Наконец – и это лучше всего, выпавшего на их долю, – чахоточные умеют любить.

На кого бы ни обратилась их привязанность, они любят так, как другие не умеют любить. В женщине они видят то, что в ней ищет поэт, что в нее вложил Бог. Их любовь – постоянное созерцание и признательность – умрет с ними, но никогда не состарится. Для любви природа дала им энергию необычайную, энергию, зачастую ускоряющую их смерть. Огонь слишком силен для сосуда, и сосуд не выдерживает. Они тонут в источнике, черпая из него наслаждение.

Но пока смерть вечным холодом не обдаст их сердце, они не могут наглядеться, не могут насладиться любимою женщиною. Они любят так, как женщина может только желать быть любимой. Об их любви сохраняется вечное, святое воспоминание, потому что ей не было времени охладиться; они не достигают той поры, когда человек смотрит равнодушно на женщину, которую некогда боготворил. Они оставляют мир, веруя, что любили бы всегда так же сильно, засыпают, убаюканные мечтой, вполовину осуществившейся. И отходят они на вечный мир, как светлый весенний день, среди песен, цветов и звуков: ни один лист не упал с их дерева, ни один цветок не сжался и не утратил своего благоухания под суровым дуновением осени.

Так и Эдмон любил Елену.

Первые дни молодой счастливой четы – полное забвение мира, полное самозабвение, любовь безраздельная и безграничная!..

Вспомним, какие надежды поселились в сердце Эдмона, когда он в церкви увидел Елену. «Этот ангел когда-нибудь может принадлежать мне», – думал он. Это когда-нибудь наступило: Елена была его.

Тогда он не знал определения судьбы, теперь оно ему было известно, и каждая минута, не посвященная любви, казалась ему посягательством на его счастье.

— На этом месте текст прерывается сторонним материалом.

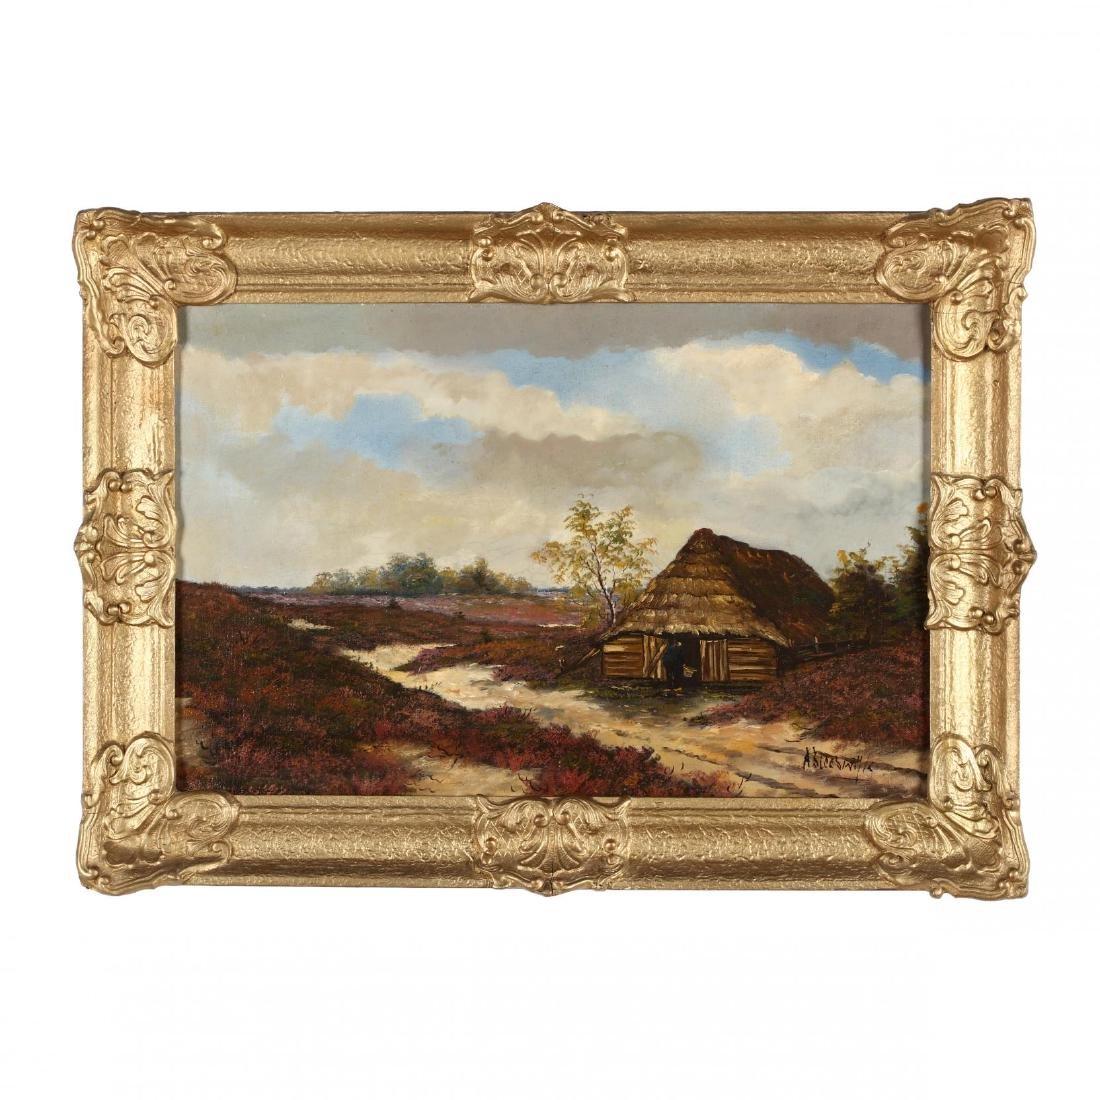 Alexander Cornelis Sleeswijk (Dutch, 1870-1945),

«Она вся принадлежит мне, – думал он, – а я – я принадлежу ей до известного срока». И он полюбил Елену всею мыслью, всем сердцем, всем существом своим. Каждая частица его принадлежала ей, и один вид ее приводил его в восторженный трепет. При ее приближении глаза его приковывались к ней и уже от нее не отходили, сердце рвалось ей навстречу, само дыхание сдерживалось – и светлые, высокие порывы вставали в нем, и слышал он отзвук их чистой мелодии, веселой и игривой, как щебетание ласточки. Все в его жене приводило его в восторг: в его душе выражалось ее отражение. Он сам убрал ее комнату, покойную и уютную, как гнездо, и, если бы мог, заключил в нее всю природу. Стены и потолок исчезали под шелковыми тканями, нога тонула в коврах, как полевая трава, мягких и волнистых. Кажется, птица могла бы летать в этой благоуханной клетке, так же легко и привольно, как по ясной лазури неба. Дерева во всей комнате не было видно: мягкая мебель будто росла среди зелени редких растений, сообщавших целому что-то фантастическое, превышавшее само искусство.

– Ты не хотела ехать в деревню, – говорил Эдмон жене своей, – и вот деревня сама к тебе приехала и даже зиму пробудет с тобою.

По целым часам просиживали влюбленные в этом таинственном приюте любви, в который спущенные жалюзи пропускали нерешительный полусвет, напоминавший первые осенние сумерки. Эдмон не хотел, чтоб чужая рука касалась даже платья Елены.

– Пока я жив, – говорил он, – никто, даже горничная, тебя не коснется. Это не ревность, а эгоизм. Мне кажется, от каждого прикосновения грубой руки улетучится одна из тонких частиц благоуханной твоей красоты.

Выезжая с нею, он сам выносил ее до кареты, чтобы ее нога не касалась земли, закрывал ее, закутывал, чтобы посторонние взоры не могли видеть ее красоту, которою один он считал себя вправе наслаждаться, в карете он ее усаживал, как ребенка.

«В поле!» – отвечали они на вопрос кучера, куда ехать.

Эта прогулка устраивалась обыкновенно по вечерам, и до двух часов ночи они там оставались в страстном самозабвении.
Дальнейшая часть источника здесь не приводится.